Updated: Jan 22, 2022

© Elaine Bontempi, Ph.D., 2022

All Rights Reserved

During the 1960’s there was a popular television game show called “To Tell the Truth.” During the show four celebrity panelists such as Betty White and Kitty Carlisle were presented with three contestants that all claimed to be the same person who had accomplished some amazing feat such inventing the ball point pen, escaping from concentration camps, receiving singing awards, being crowned “Miss America,“ etc. The real person was considered the “central character” and the other two the “imposters.” The goal of the game was for the panelists to correctly identify the authentic central character and in order to do so, the panelists would ask the contestants questions about their lives. The “imposter” contestants would pretend to be the real character and so they could lie as much as they wanted when asked a question (and some were amazingly creative with the answers they provided), but according to the rules of the game, the central character could only tell the truth. At the end of the game the panelists would cast their votes, guessing which one of the contestants was the “real” person. After votes were entered, the game show host would ask the “real” contestant to “please stand up.” In many ways, we are all playing a similar game throughout our lives.

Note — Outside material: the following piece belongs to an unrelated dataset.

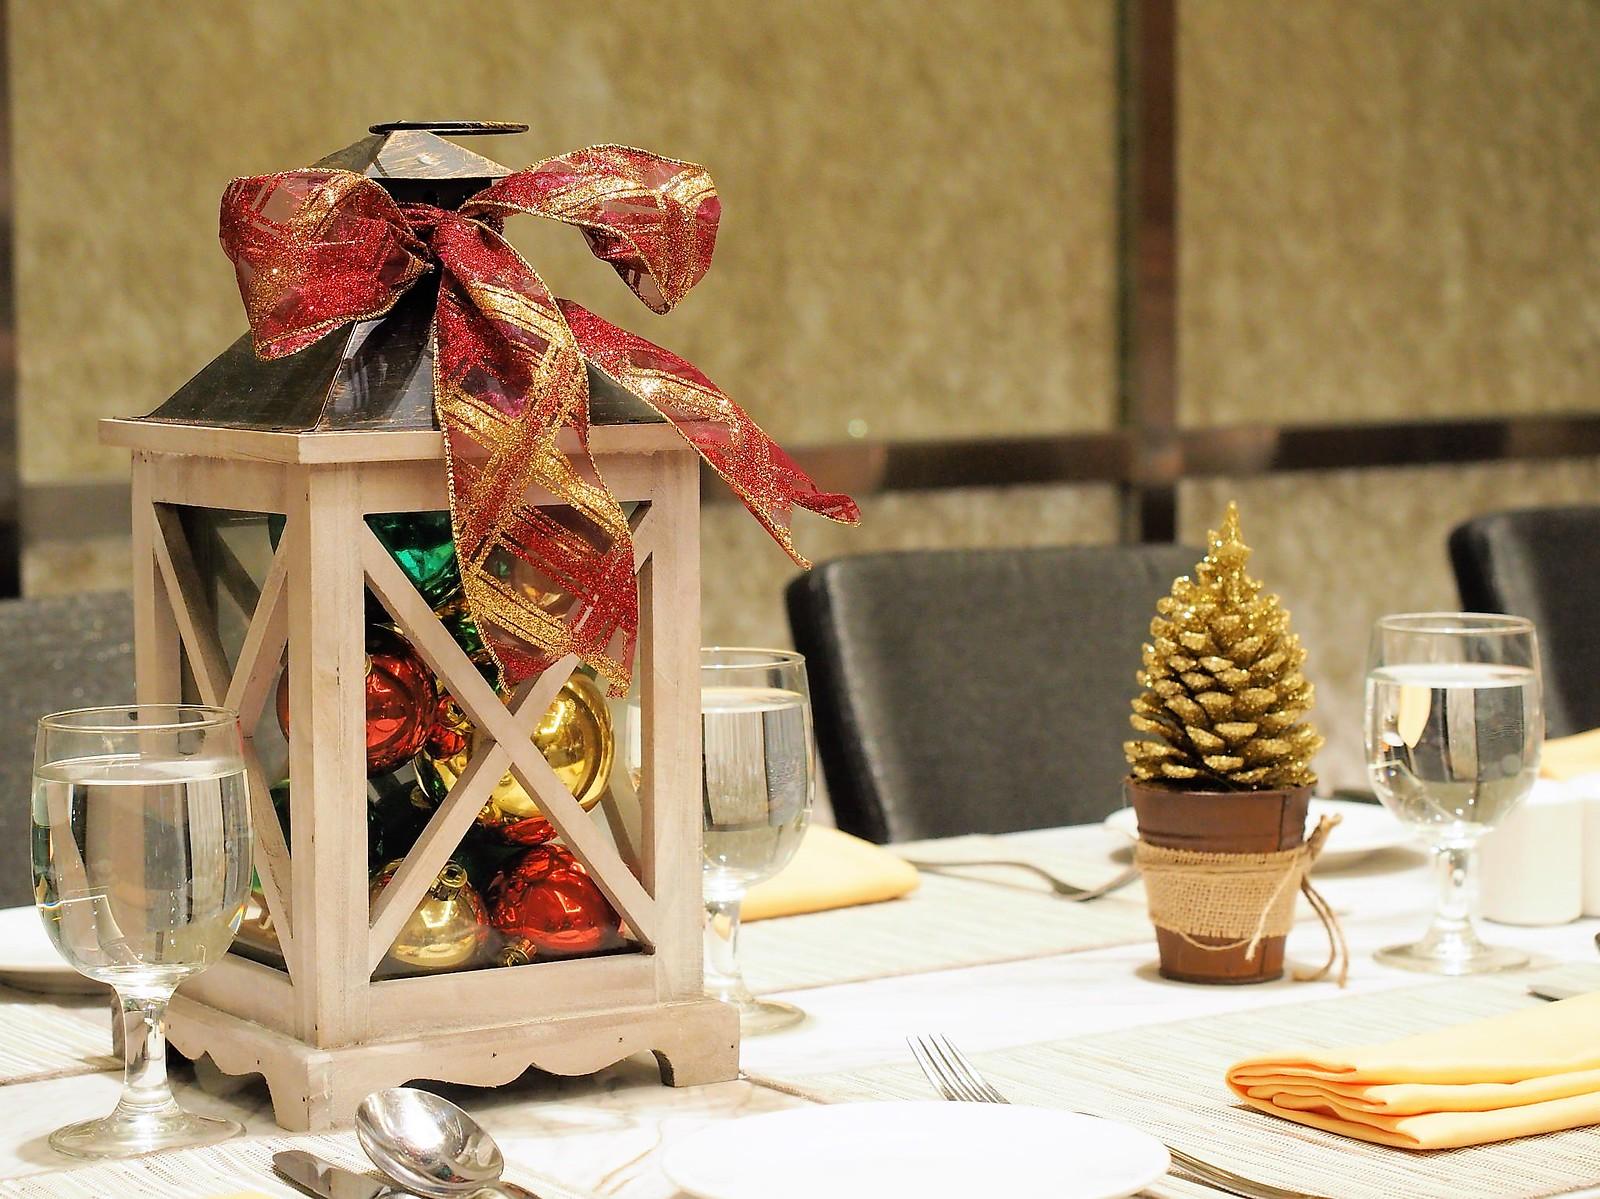 Christmas Decoration on dining table at Feast @ Sheraton Petaling Jaya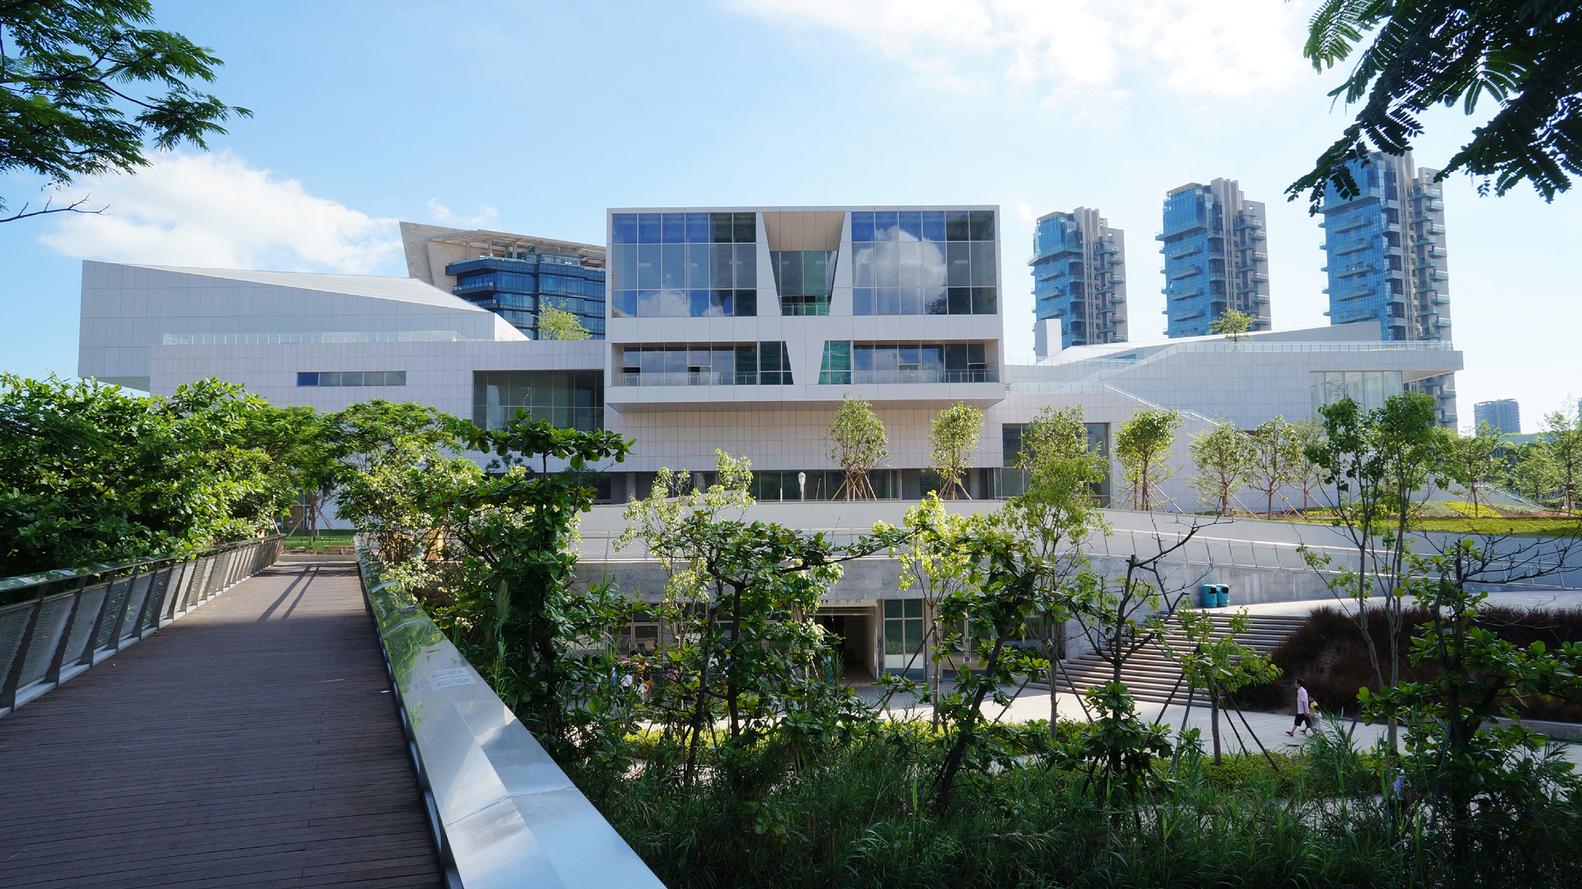 Shenzhen Sea World Culture and Arts Center / Maki and Associates,Park. Image Courtesy of Maki and Associates

There is so much pressure for us to meet the approval of others (parents as well as society), we act as “imposters” attempting to pass as a someone other than our authentic selves.

If leading a fulfilling life is contingent upon following goals and activities that align with our “true” selves, how do we recognize our authentic self when the world is so bent on telling us who we ”really” are or who we ”should” be? The answer may be found in examining the Phoenix archetype: in order to reveal the real you it is necessary to let some things go…to incinerate the old (false) self in order to emerge from the ashes as someone new (your authentic self). Death can be a painful process and the demise of the ”old you” is no exception. In fact, the process can be so uncomfortable that we often resist the process. However, like the mythological phoenix, to reincarnate one must first die. The problem is, identifying which aspects of the old self to sacrifice can be a difficult process. Especially after being told throughout our lives by well intentioned parents, friends, teachers, partners, religious organizations, governments, and society what is “worth” valuing and which goals and activities are “worth” pursuing. If a caterpillar clung to the false idea that their true identity was a worm, destined to crawl around in the dirt hiding from hungry birds, it might not ever believe flight was possible. We too, must be willing to sacrifice our false identities in order to truly experience the freedom and joy of living authentically. Why Do We Get Off Course?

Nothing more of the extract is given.